Among the plethora of convergence QIs currently available, the hypervolume indicator (HV) is the only unary QI that is Pareto-compliant (Zitzler, 1999; Zitzler et al., 2003, Zitzler, Knowles, et al., 2008). The HV measures the extent of the volume dominated by an approximation set and bounded by a user-supplied reference point that should be dominated by all points in the Pareto front approximation. For nonlinear Pareto front shapes, the set of size $\mu $ that approximates the solution to the HV-based subset selection problem presents a non-uniform distribution of objective vectors (Shang, Ishibuchi, He, et al., 2020). The consequences of these non-uniform optimal $\mu $-distributions are twofold: (1) HV penalizes uniform Pareto front approximations in comparison to certain non-uniform approximation sets, and (2) MOEAs that use HV-based selection mechanisms, produce non-uniform approximation sets. To improve the uniformity of the optimal $\mu $-distributions of HV, the weighted HV (Zitzler et al., 2007), logarithmic HV (Friedrich et al., 2011), free HV (Emmerich et al., 2014), and the transformation-based HV (Shang, Ishibuchi, Nan, et al., 2020), which are all variants of HV, have been proposed. Moreover, these variants preserve the Pareto compliance property of HV. Additionally, some other QIs have been proposed, having different preferences to those of the HV but being weakly Pareto-compliant or non Pareto-compliant. For instance, the most noteworthy weakly Pareto-compliant QIs are R2 (Brockhoff et al., 2012), the Inverted Generational Distance plus (IGD$+$) (Ishibuchi et al., 2015), and the unary additive $\epsilon $ indicator ($\epsilon +$) (Zitzler et al., 2003), while IGD (Coello Coello and Cruz Cortés, 2005) and Generational Distance (Veldhuizen, 1999) are non-Pareto-compliant indicators.

Due to the imperative need to propose new Pareto-compliant QIs whose preferences are significantly different to those of the HV, we propose in this article a methodology to generate new Pareto-compliant QIs. It is worth noting that in this article we provide both a theoretical and an experimental extension of the work introduced by Falcón-Cardona et al. (2019). Under this methodology, we combine one or more weakly Pareto-compliant indicators with at least one Pareto-compliant QI, using an order-preserving combination function. Under these conditions, we demonstrate that the combined indicators preserve the Pareto compliance property.

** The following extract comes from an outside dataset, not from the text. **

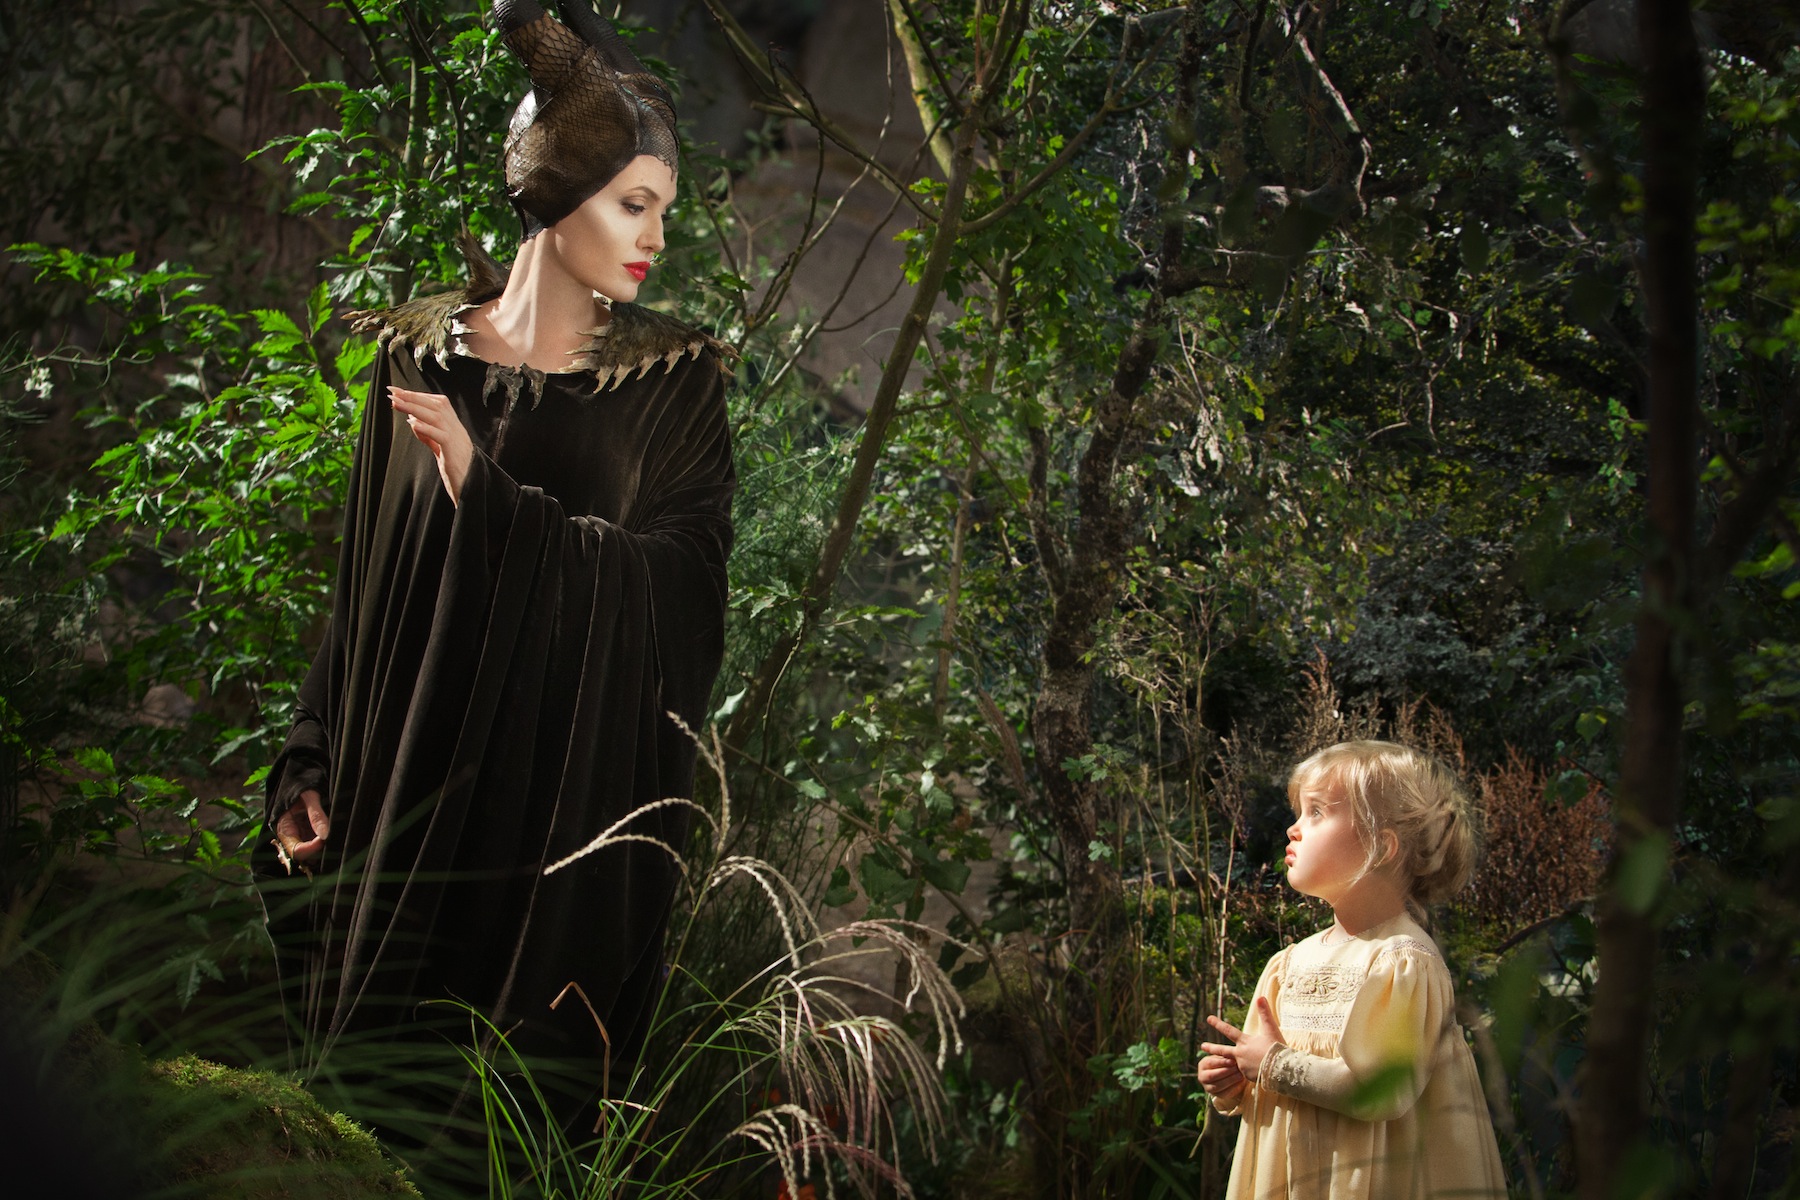 Angelina Jolie as Maleficent, left, in a scene with her daughter Vivienne Jolie-Pitt, portraying Young Aurora, in a scene from  "Maleficent." (Frank Connor / Disney / AP Photo)
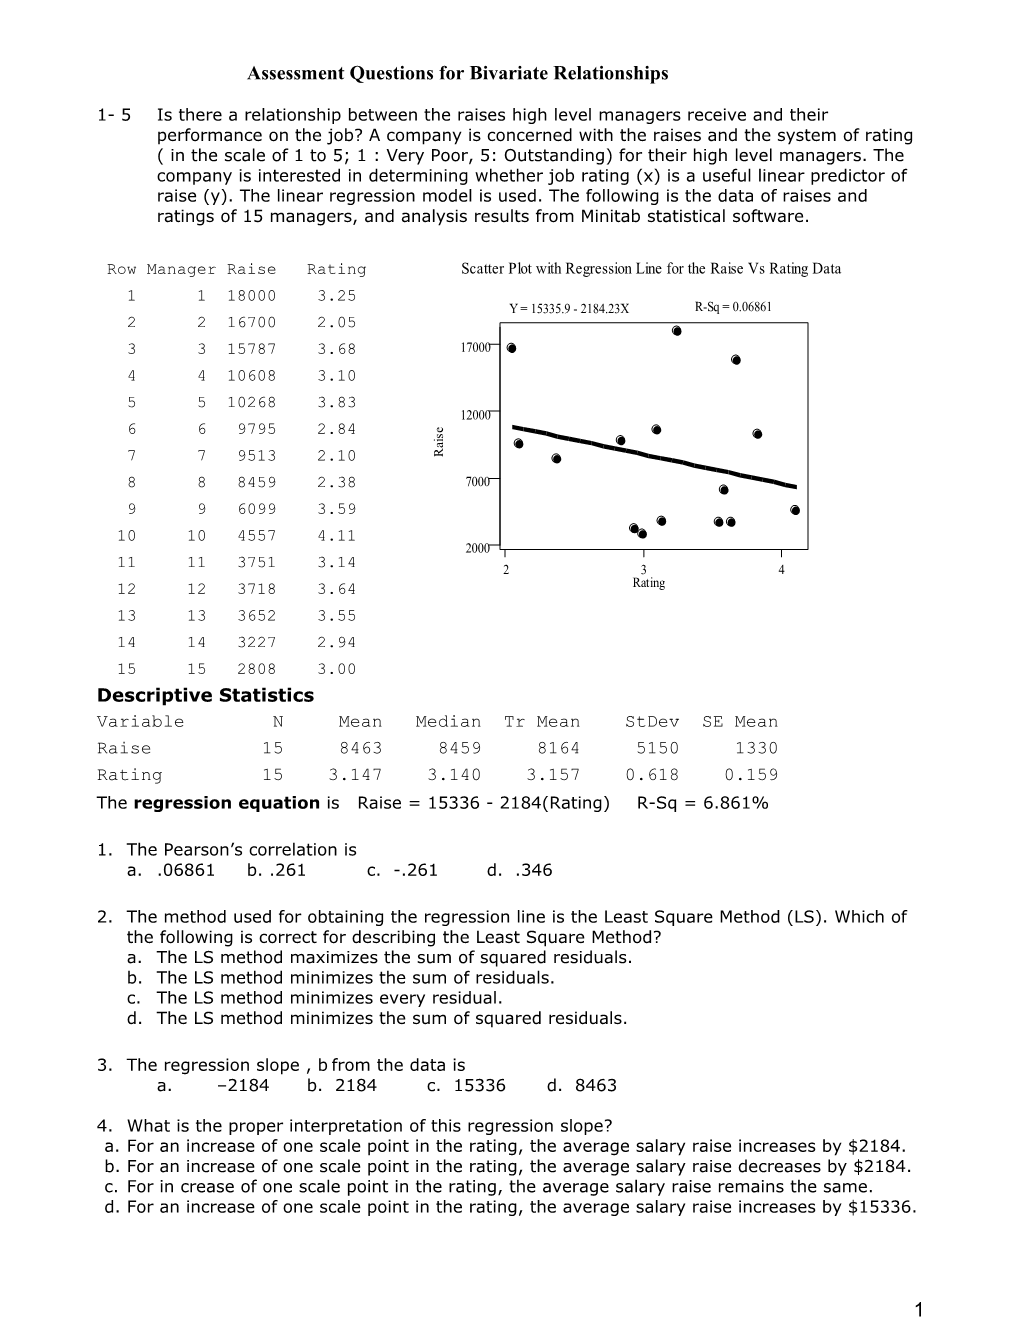 Assessment Questions for Bivariate Relationships

Additionally, we show through preference analysis and the approximate optimal $\mu $-distributions, that our framework allows to create Pareto-compliant QIs with different preferences to those of the HV in two ways: (1) by exploiting the conflict that sometimes exists between the preferences of indicators, such that the combined indicator shows intermediate preferences, and (2) by keeping the original preferences of the weakly Pareto-compliant QIs but using a correcting factor derived from the Pareto-compliant QI being used. Overall, the contributions of this article are the following:

We provide guidelines for the construction of new Pareto-compliant QIs whose preferences are essentially different from those of the HV.

Our proposed framework allows correcting weakly Pareto-compliant QIs, such as R2, IGD$+$, and $\epsilon +$, so that they can become Pareto-compliant.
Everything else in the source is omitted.